[Dataset extract — start]

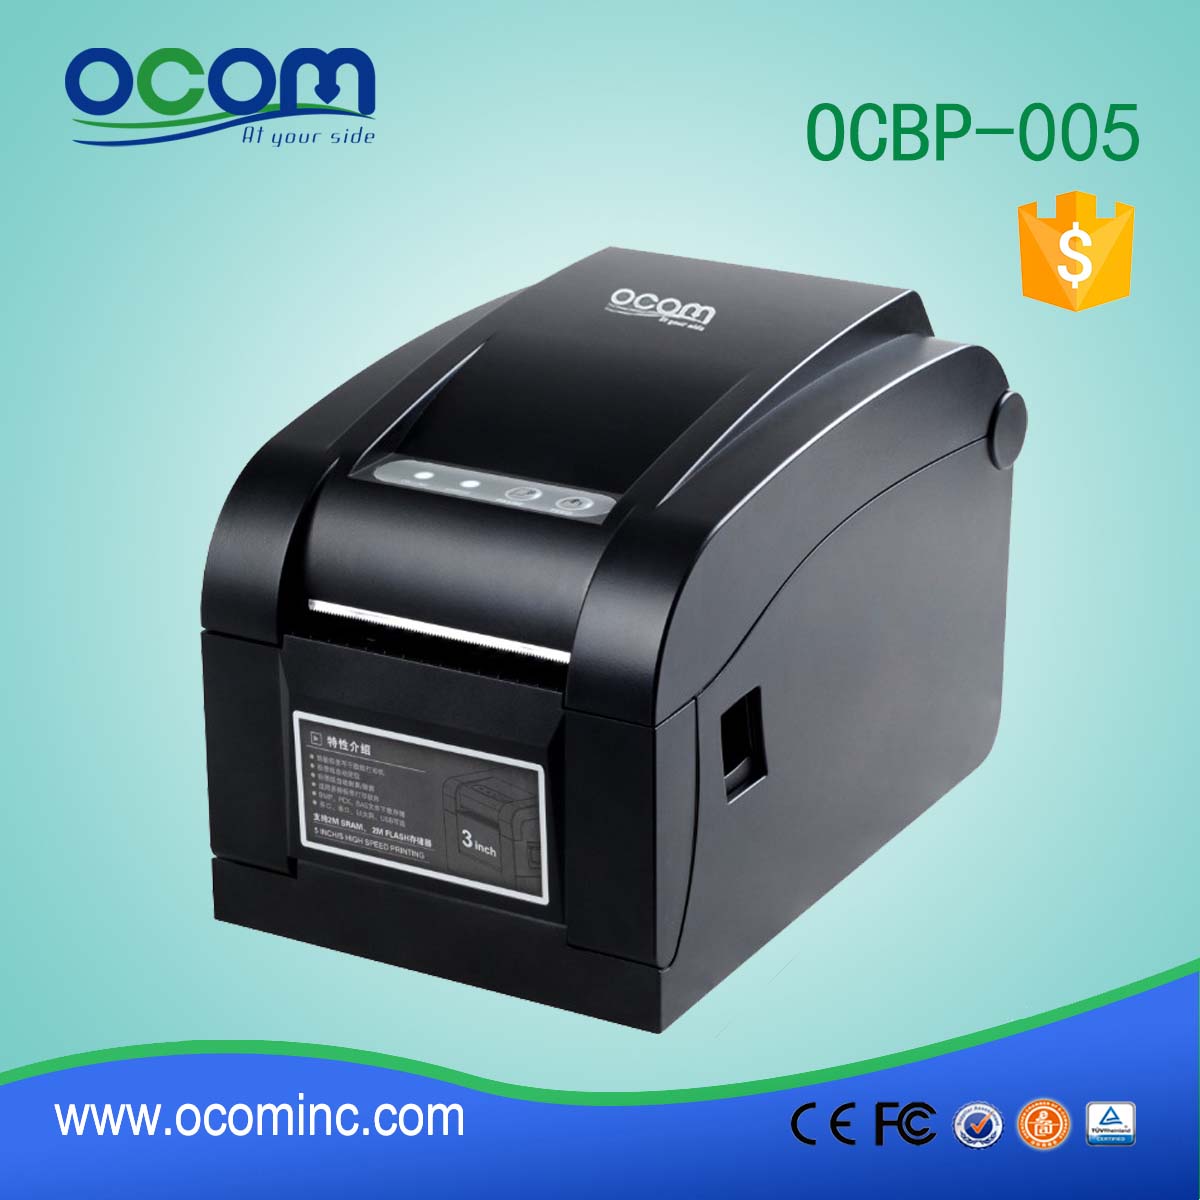 OCBP-005-U 3 "Thermo-Barcode-Etikettendrucker USB-Schnittstelle
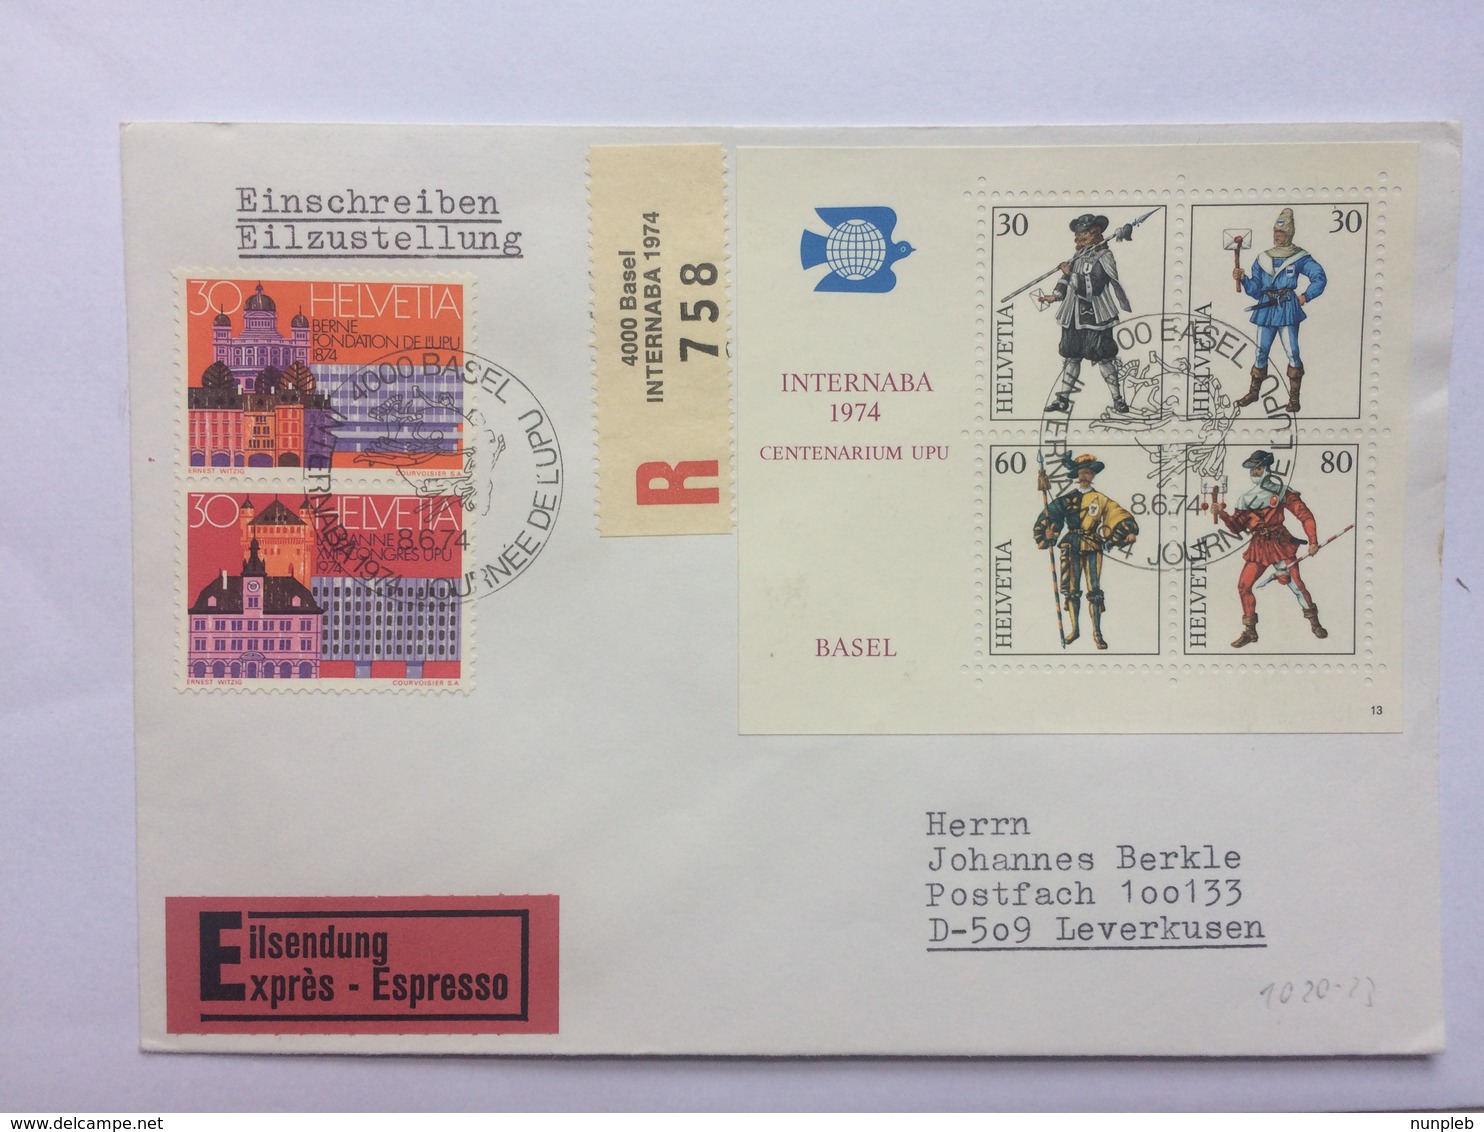 SWITZERLAND 1974 Internaba Centenarium UPU Basel Minisheet FDC Express Registered Basel To Leverkusen - Covers & Documents
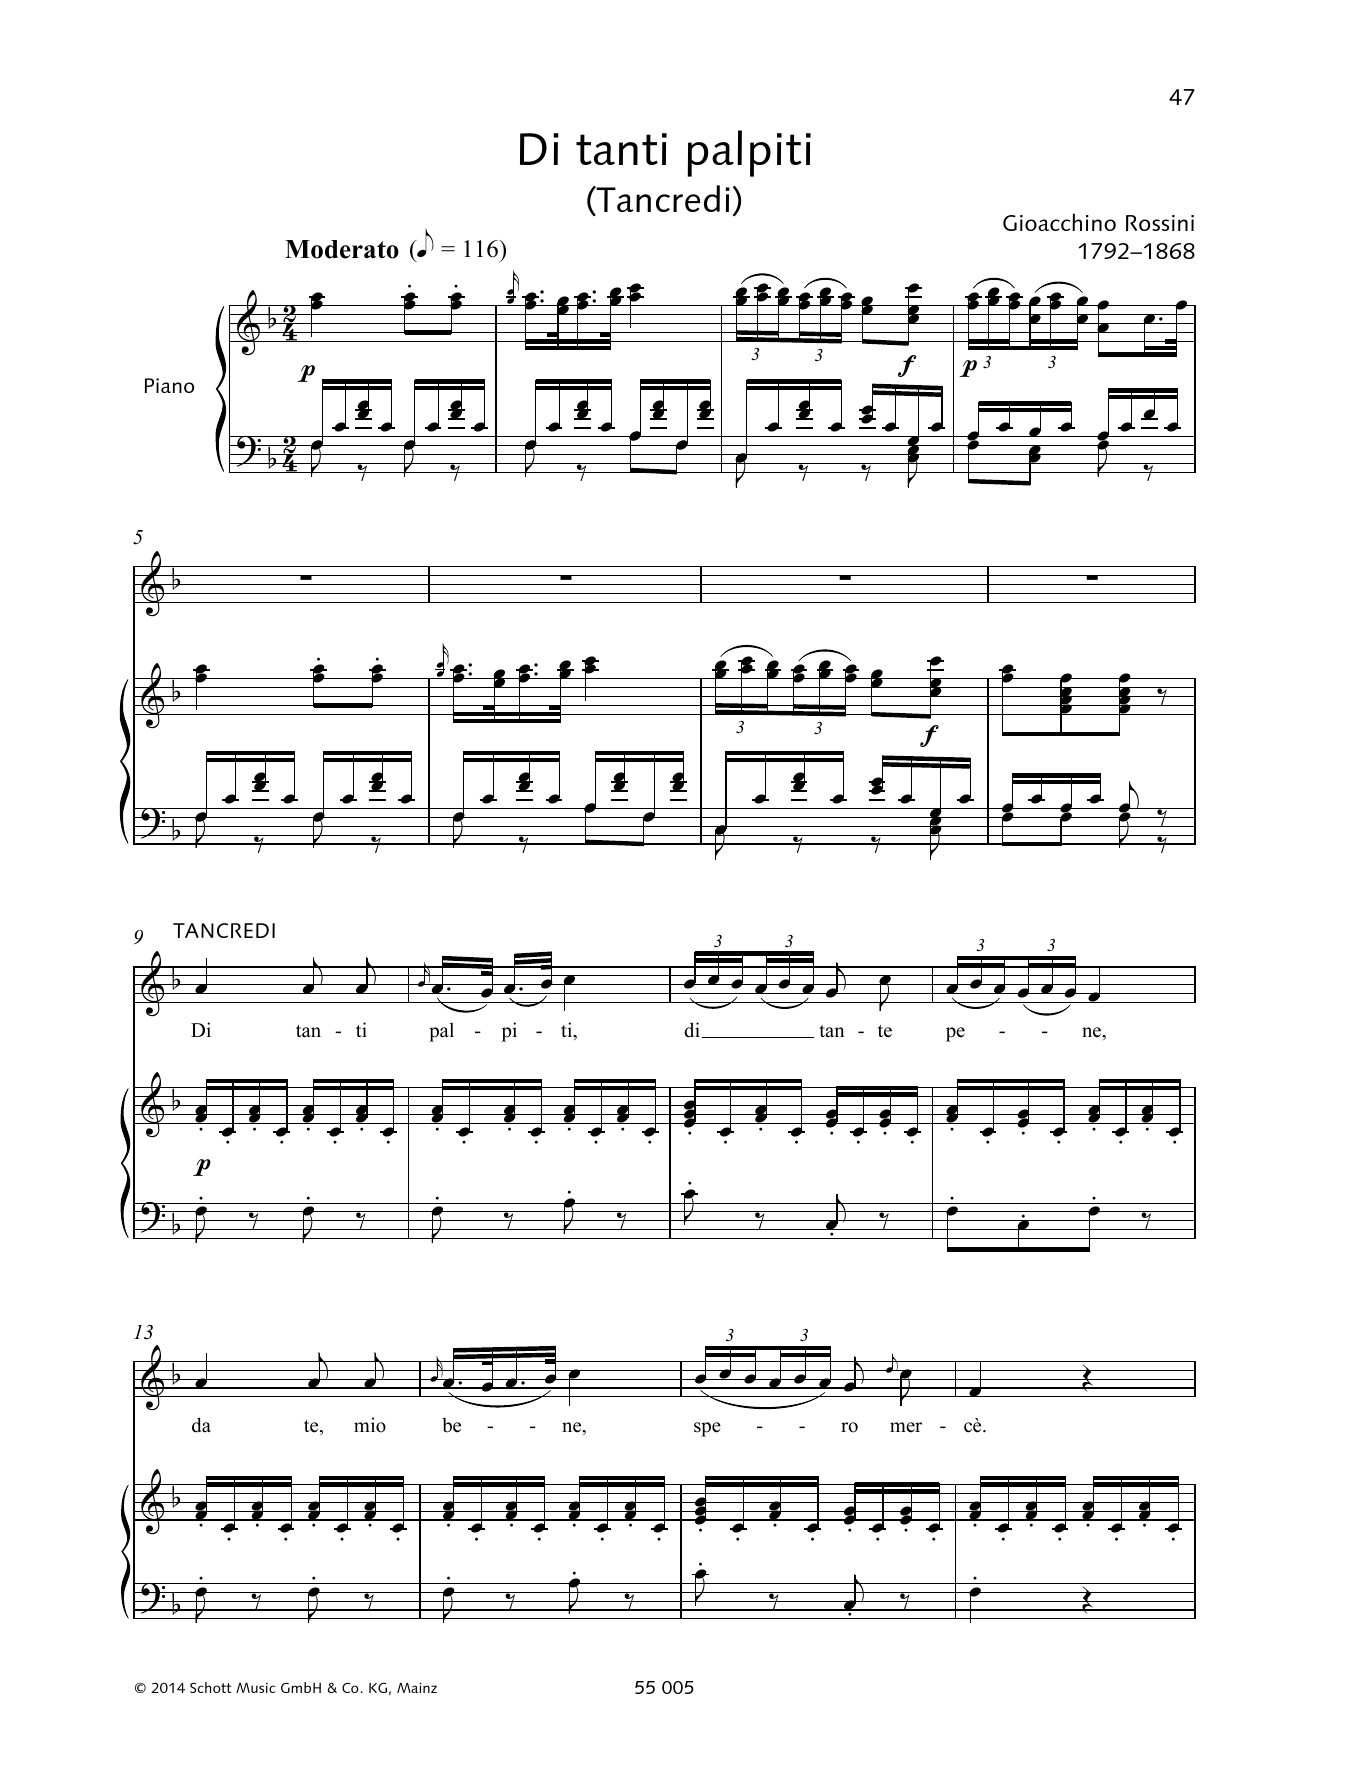 Francesca Licciarda Di tanti palpiti Sheet Music Notes & Chords for Piano & Vocal - Download or Print PDF

[Dataset extract — finish]

• [Exercise details]
Please return the lines from the line with "SWITZERLAND 1974 Internaba" through the last line of the data, both included, exactly, and without pictures.

• [Task result]
 SWITZERLAND 1974 Internaba Centenarium UPU Basel Minisheet FDC Express Registered Basel To Leverkusen - Covers & Documents
 Francesca Licciarda Di tanti palpiti Sheet Music Notes & Chords for Piano & Vocal - Download or Print PDF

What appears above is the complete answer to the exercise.